他可以在府里做一些平时不方便做的事。
比如——多了解一些朝堂的事,比如——多观察一下府里幕僚的往来,比如——多想想以后的路要怎么走。
凌烬站起来,走到书架前,抽出那本沈砚舟不许他看的《历代权臣传》。
他翻开第一页,开始看。
这一次,字都乖乖的,一个都没跑。
沈砚舟不在的第一个七天,凌烬觉得自己过得还不错。
他每天按时起床、读书、练字、学兵法,把时间排得满满当当。晚上也不怕——他把琉璃灯点着放在床头,灯焰一跳一跳的,像是有人在陪他。
他甚至觉得,没有沈砚舟在,他反而自在一些。
不用时刻注意表情管理,不用每句话都反复斟酌,不用担心哪里露出破绽。
挺好的。
第八天夜里,打雷了。
凌烬从梦中惊醒,第一反应是往床里面缩。他咬着被角,数数,一、二、三、四——
雷声越来越近,越来越密。
他的手开始抖。
不能去找沈砚舟。

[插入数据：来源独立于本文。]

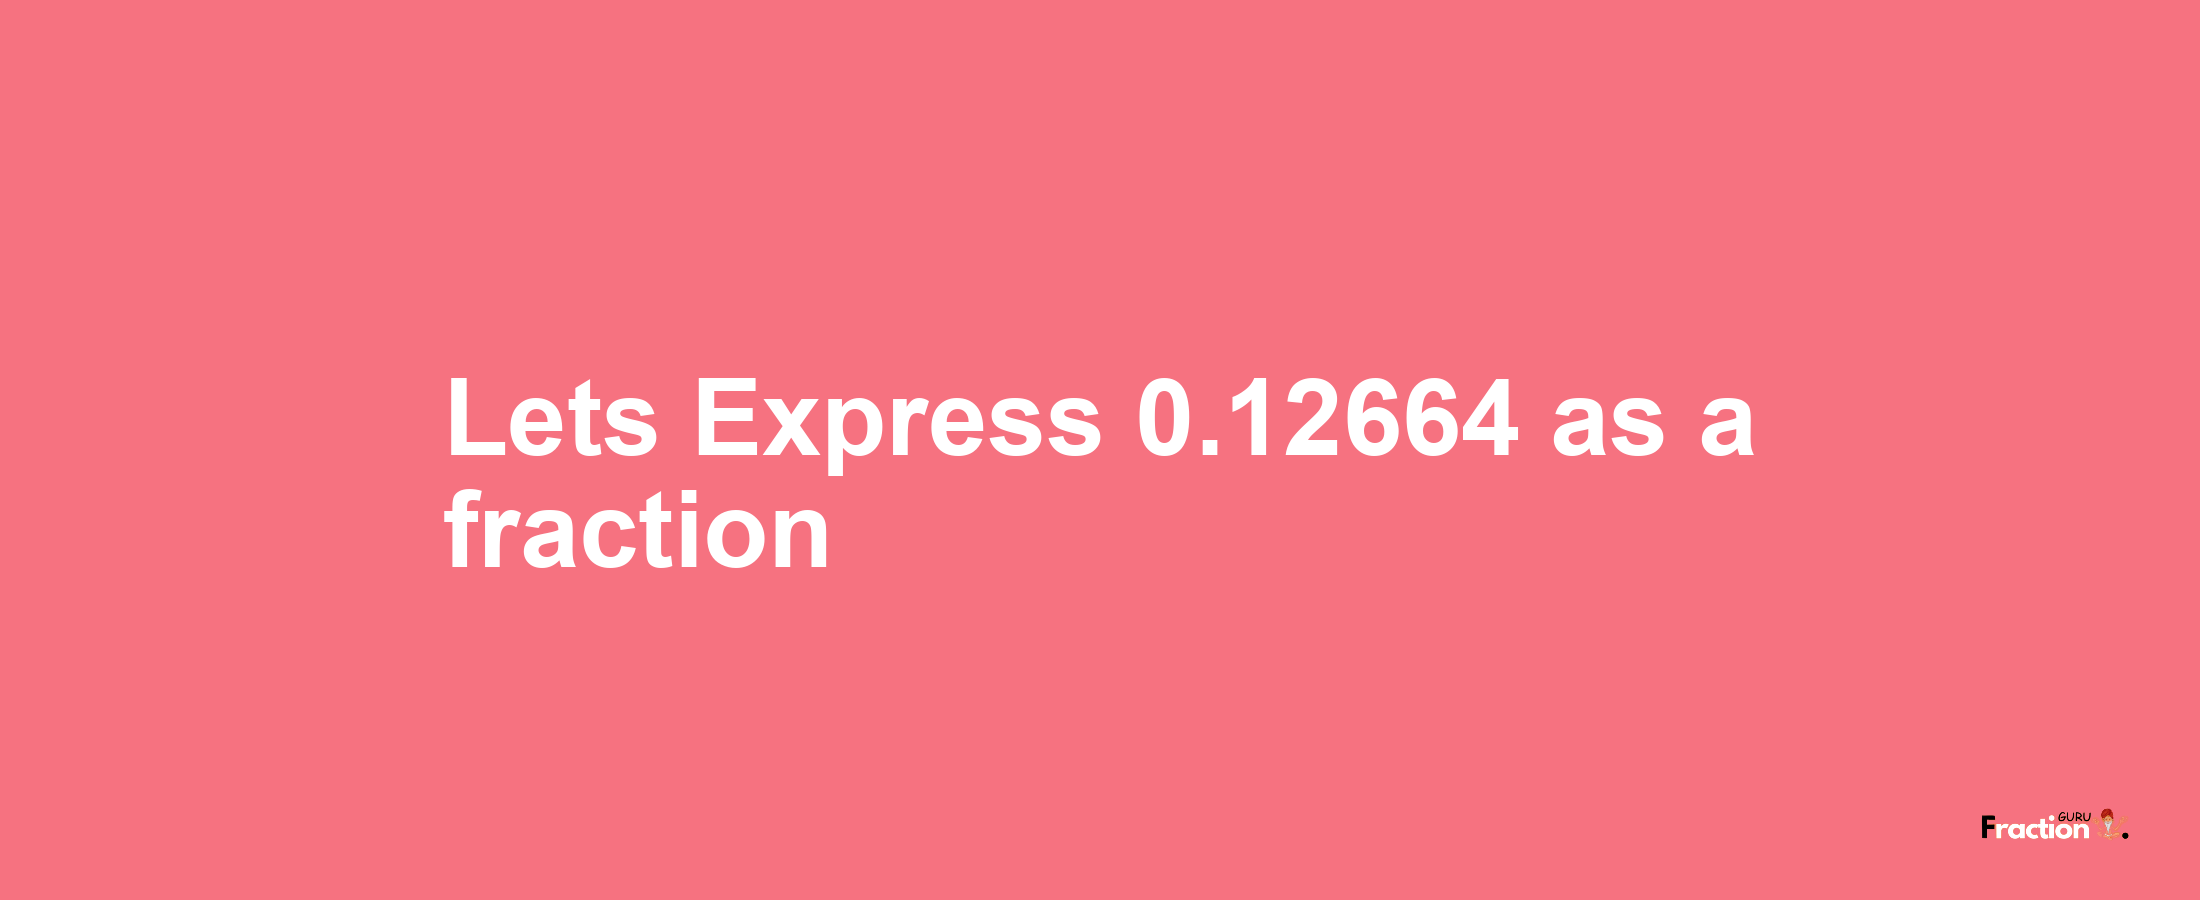 Lets Express 0.12664 as afraction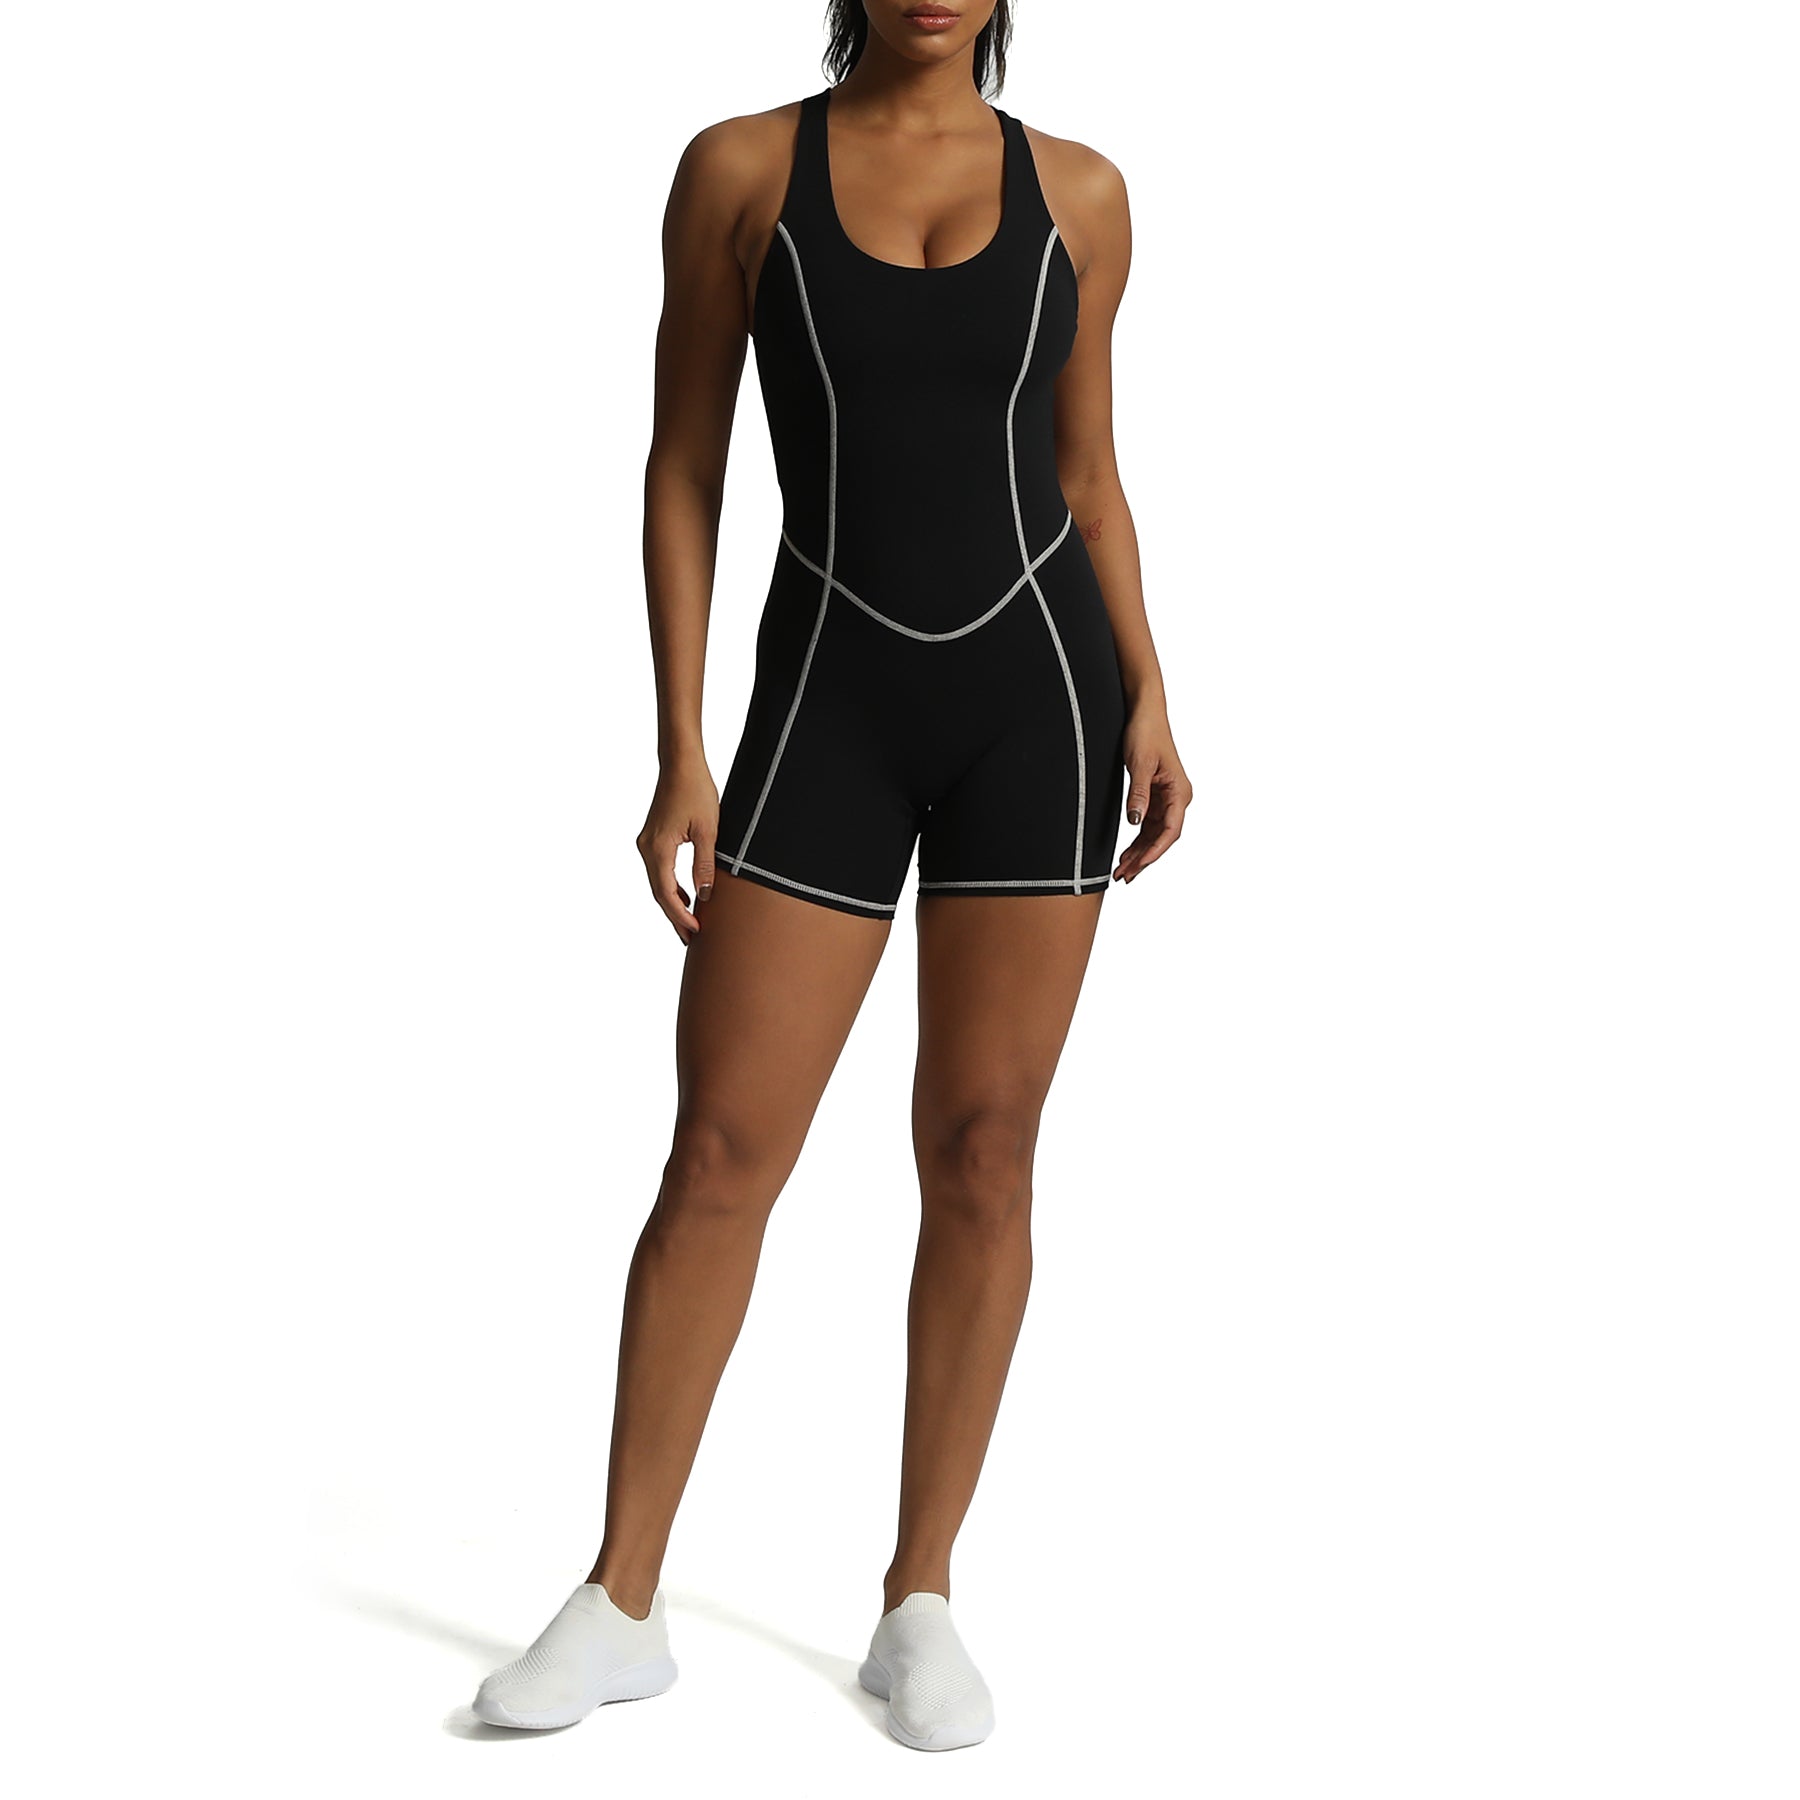 Aoxjox "Lexi Lined" Adjustable Shorts Bodysuit

沈砚舟不在。
他只能自己扛。
凌烬把自己缩成一个球,被子蒙住头,闭上眼睛,一遍一遍地告诉自己:没事的,雷又不会劈进屋子里,你是未来的皇帝,你不能怕雷,你不能怕任何东西——
一道惊雷炸开,整间屋子都在颤。
凌烬从床上弹了起来。
他赤脚站在地上,浑身发抖,看着门口的方向。
沈砚舟的房间就在隔壁。
但隔壁没有人。
灯是灭的。
凌烬站在那里,站了很久,久到雷声渐渐远了,雨也小了。
他慢慢蹲下来,抱着膝盖,把脸埋进去。
他没有哭。
他只是觉得很冷。
明明被子够厚,明明屋里烧着炭,可他就是觉得冷。
从骨头缝里往外冒的那种冷。
沈砚舟回来的那天,凌烬正在院子里练剑。
先生教了一套新剑法,他练得很认真,额角沁着汗,脸颊红扑扑的。
沈砚舟走进来的时候,凌烬正好收剑,余光瞥见那道玄色身影,手里的剑差点没拿稳。
他转过身,笑了。
笑得又甜又亮,像院子里忽然多了一个小太阳。
“师尊!”他跑过去,跑到一半又慢下来,像是觉得太急了不好看,改成了快步走,“您回来了。”